===== Record excerpts =====

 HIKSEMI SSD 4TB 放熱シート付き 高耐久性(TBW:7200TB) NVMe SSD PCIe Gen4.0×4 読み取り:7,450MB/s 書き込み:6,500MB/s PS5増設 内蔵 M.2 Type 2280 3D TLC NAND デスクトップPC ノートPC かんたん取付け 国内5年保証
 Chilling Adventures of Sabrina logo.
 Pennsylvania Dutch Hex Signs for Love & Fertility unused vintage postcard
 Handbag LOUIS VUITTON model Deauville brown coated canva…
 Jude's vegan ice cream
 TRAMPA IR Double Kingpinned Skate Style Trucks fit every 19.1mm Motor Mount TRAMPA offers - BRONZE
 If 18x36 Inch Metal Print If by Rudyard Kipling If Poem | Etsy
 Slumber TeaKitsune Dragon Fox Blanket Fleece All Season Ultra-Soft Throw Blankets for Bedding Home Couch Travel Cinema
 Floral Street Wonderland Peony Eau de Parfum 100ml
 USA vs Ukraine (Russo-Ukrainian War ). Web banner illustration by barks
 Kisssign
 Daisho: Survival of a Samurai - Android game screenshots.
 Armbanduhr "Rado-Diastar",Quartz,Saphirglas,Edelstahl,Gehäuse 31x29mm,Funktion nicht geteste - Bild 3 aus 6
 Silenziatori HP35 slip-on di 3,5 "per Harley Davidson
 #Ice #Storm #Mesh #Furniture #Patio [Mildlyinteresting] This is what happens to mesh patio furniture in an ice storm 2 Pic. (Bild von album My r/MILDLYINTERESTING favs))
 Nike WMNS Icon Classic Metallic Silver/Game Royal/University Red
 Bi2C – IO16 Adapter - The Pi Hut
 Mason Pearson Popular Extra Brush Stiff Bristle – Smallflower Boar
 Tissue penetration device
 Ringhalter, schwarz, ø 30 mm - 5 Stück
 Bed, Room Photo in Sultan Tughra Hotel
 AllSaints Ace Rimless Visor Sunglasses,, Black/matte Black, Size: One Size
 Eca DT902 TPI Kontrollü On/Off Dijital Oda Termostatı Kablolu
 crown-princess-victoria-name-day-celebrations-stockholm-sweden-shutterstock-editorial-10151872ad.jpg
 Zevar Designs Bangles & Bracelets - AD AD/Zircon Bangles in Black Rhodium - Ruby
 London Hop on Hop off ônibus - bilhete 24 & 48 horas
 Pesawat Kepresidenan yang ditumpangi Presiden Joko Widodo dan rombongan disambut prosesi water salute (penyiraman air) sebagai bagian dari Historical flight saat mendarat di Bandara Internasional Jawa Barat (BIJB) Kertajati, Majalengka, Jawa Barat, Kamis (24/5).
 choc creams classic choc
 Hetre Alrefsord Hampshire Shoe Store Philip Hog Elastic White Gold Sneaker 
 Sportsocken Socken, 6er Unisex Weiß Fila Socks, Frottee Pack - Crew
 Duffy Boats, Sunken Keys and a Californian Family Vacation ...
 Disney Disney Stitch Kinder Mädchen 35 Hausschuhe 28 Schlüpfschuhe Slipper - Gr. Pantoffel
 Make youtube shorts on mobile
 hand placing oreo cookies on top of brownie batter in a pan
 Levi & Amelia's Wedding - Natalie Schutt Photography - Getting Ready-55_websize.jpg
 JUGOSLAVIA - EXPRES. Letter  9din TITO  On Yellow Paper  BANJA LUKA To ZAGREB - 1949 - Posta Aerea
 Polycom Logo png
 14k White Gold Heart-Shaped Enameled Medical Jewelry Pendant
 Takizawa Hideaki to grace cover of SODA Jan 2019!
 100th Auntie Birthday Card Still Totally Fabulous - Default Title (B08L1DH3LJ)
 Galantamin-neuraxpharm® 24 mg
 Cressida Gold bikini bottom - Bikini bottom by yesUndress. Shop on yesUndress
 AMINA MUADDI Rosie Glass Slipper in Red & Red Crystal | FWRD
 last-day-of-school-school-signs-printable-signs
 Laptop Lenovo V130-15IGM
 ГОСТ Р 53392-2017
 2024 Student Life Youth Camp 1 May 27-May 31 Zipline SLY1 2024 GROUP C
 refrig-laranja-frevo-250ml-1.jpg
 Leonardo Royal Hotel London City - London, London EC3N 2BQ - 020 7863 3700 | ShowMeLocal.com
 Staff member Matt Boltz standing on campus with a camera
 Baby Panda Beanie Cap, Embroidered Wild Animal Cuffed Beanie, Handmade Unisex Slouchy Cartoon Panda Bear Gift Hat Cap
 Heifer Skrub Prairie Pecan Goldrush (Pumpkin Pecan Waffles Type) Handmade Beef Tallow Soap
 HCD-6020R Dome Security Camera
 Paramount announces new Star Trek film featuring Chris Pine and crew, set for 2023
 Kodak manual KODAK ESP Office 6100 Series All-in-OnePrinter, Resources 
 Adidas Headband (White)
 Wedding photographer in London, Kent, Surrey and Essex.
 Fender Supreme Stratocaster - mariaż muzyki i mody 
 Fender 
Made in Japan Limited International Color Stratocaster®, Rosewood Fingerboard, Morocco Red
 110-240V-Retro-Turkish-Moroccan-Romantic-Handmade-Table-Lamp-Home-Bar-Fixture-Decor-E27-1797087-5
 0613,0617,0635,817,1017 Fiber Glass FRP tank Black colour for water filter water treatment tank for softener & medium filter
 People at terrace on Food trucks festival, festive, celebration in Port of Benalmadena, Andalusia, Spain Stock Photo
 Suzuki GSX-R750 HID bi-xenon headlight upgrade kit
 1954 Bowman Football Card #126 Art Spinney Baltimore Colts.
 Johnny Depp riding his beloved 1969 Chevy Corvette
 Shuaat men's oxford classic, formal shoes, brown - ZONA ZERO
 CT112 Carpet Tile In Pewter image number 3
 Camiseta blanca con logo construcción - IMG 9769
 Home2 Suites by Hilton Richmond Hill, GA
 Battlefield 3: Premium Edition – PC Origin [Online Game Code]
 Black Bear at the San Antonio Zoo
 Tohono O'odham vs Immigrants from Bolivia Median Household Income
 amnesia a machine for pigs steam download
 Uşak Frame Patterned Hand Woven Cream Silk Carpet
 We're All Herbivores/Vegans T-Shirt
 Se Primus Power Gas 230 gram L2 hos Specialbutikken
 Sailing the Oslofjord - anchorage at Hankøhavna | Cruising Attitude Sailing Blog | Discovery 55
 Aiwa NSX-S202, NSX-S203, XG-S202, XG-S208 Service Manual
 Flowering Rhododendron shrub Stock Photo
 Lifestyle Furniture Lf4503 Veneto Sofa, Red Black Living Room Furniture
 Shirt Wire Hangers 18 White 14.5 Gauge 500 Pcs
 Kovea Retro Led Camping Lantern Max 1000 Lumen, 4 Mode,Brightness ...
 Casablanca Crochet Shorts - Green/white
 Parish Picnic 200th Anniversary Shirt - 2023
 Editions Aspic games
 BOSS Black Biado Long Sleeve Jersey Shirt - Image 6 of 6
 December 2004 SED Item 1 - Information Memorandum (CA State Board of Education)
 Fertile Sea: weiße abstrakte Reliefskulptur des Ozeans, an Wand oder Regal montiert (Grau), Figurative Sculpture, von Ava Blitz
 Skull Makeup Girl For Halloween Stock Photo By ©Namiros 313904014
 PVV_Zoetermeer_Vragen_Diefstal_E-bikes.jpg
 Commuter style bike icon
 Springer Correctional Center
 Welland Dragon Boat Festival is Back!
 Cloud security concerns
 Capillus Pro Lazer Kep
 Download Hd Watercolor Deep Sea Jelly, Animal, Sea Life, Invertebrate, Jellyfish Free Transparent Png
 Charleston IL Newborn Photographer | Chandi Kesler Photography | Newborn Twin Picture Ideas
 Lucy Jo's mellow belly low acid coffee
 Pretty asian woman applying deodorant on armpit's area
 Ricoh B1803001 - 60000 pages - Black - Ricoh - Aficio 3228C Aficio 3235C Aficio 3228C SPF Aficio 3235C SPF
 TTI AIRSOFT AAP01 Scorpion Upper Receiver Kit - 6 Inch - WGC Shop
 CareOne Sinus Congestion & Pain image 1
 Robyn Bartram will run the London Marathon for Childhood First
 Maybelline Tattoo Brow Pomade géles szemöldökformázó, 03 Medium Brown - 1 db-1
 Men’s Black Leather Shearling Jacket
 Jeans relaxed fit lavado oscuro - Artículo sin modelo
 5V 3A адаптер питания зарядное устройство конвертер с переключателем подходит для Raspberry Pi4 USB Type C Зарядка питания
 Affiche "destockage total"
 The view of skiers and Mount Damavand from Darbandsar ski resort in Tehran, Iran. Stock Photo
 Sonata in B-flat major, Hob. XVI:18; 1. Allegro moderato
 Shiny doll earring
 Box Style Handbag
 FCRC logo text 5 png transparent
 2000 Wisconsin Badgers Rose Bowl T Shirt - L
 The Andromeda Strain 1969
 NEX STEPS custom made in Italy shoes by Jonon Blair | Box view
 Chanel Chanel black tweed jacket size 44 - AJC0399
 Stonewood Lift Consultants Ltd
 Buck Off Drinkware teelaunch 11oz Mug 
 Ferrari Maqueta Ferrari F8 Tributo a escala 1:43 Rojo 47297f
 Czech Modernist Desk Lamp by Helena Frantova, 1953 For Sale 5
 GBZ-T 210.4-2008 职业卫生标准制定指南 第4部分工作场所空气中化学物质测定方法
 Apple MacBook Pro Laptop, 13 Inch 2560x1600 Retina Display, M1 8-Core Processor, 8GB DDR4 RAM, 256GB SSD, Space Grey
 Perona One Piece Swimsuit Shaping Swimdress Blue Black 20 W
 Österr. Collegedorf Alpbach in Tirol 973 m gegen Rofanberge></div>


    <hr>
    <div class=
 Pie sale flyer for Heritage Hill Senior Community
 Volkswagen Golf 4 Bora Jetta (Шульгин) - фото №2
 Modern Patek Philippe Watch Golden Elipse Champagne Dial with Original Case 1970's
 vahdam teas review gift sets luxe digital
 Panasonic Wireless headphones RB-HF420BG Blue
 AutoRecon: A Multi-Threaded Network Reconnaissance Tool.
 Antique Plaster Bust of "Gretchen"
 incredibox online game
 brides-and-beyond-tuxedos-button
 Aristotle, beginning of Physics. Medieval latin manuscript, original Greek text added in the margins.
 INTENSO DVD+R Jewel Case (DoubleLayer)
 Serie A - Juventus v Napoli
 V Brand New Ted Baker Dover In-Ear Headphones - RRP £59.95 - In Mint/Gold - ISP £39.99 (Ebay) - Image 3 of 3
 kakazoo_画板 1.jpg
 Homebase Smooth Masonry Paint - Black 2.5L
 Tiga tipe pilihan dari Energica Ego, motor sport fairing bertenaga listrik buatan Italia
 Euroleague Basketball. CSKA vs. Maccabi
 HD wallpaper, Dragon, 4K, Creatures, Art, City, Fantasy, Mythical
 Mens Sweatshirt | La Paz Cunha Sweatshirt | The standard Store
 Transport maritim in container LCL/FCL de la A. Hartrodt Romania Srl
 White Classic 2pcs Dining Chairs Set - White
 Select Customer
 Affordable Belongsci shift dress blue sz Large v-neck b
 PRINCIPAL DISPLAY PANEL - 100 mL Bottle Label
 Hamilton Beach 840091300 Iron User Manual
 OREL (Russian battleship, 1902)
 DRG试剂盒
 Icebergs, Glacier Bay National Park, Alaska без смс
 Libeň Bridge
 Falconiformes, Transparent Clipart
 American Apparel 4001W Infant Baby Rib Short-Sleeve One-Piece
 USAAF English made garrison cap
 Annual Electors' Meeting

=====

* Problem statement *
Transcribe the listing above line for line, from the first line to the line containing "Floral Street Wonderland", inclusive, with no other lines.

* Response to this exercise *
 HIKSEMI SSD 4TB 放熱シート付き 高耐久性(TBW:7200TB) NVMe SSD PCIe Gen4.0×4 読み取り:7,450MB/s 書き込み:6,500MB/s PS5増設 内蔵 M.2 Type 2280 3D TLC NAND デスクトップPC ノートPC かんたん取付け 国内5年保証
 Chilling Adventures of Sabrina logo.
 Pennsylvania Dutch Hex Signs for Love & Fertility unused vintage postcard
 Handbag LOUIS VUITTON model Deauville brown coated canva…
 Jude's vegan ice cream
 TRAMPA IR Double Kingpinned Skate Style Trucks fit every 19.1mm Motor Mount TRAMPA offers - BRONZE
 If 18x36 Inch Metal Print If by Rudyard Kipling If Poem | Etsy
 Slumber TeaKitsune Dragon Fox Blanket Fleece All Season Ultra-Soft Throw Blankets for Bedding Home Couch Travel Cinema
 Floral Street Wonderland Peony Eau de Parfum 100ml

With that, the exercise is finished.